Compared to the past, ever larger amounts of data are being collected in astronomy, and the rate will continue to accelerate in the next decades. It is therefore necessary to work on bigger samples if full advantage is to be taken of all accessible information. It is also necessary to derive as much information as possible from the diversity of the data, rather than restricting attention to subsets of it.

One way to work effectively on large samples is to apply, and if necessary to develop, suitable statistical methods. Multivariate data analysis methods are not intended to replace physical analysis: these should be seen as complementary, and statistical methods can effectively be used to run a rough preliminary investigation, to sort out ideas, to put a new (``objective'' or ``independent'') light on a problem, or to point out aspects which would not come out in a classical approach. Physical analysis is necessary subsequently to refine and interpret the results.

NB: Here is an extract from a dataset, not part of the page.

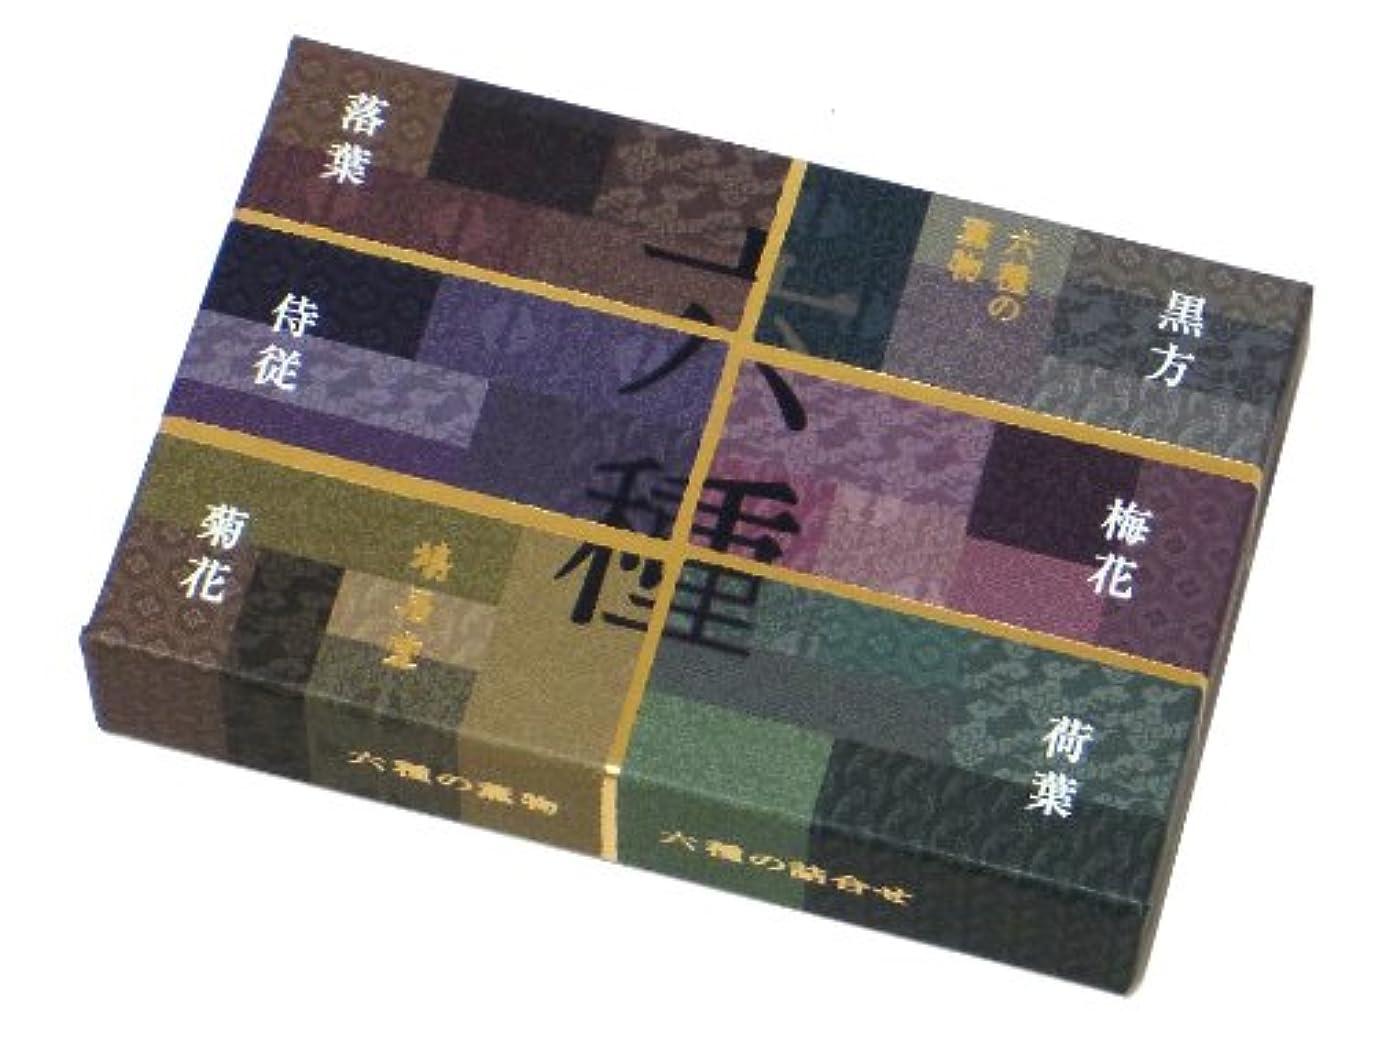 怒り初期幽霊鳩居堂のお香 六種の薫物6種セット 6種類各5本入 6cm 香立入

The multivariate methods implemented all operate on MIDAS tables. Such tables cross objects (e.g. ultraviolet spectra, spiral galaxies, or stellar chemical abundances) with variables or parameters.

Among widely-used multivariate methods :

1.

Principal Components Analysis  

2.

Hierarchical Cluster Analysis

3.

Non-Hierarchical Clustering, or Partitioning

4.

Minimal Spanning Tree        

5.

Discriminant Analysis  

6.

Correspondence Analysis  

We will look briefly at each of these in turn. Since comprehensive ancillary documentation is available (see references), we will not dwell on background material here. The wide-ranging applications for which multivariate statistical methods have been employed in astronomy also cannot be catalogued here (again, see the references given). In the following sections we will concentrate on various practical aspects of the methods. Note that the MVA context is required to activate the relevant commands (by using the command SET/CONTEXT MVA in a MIDAS session).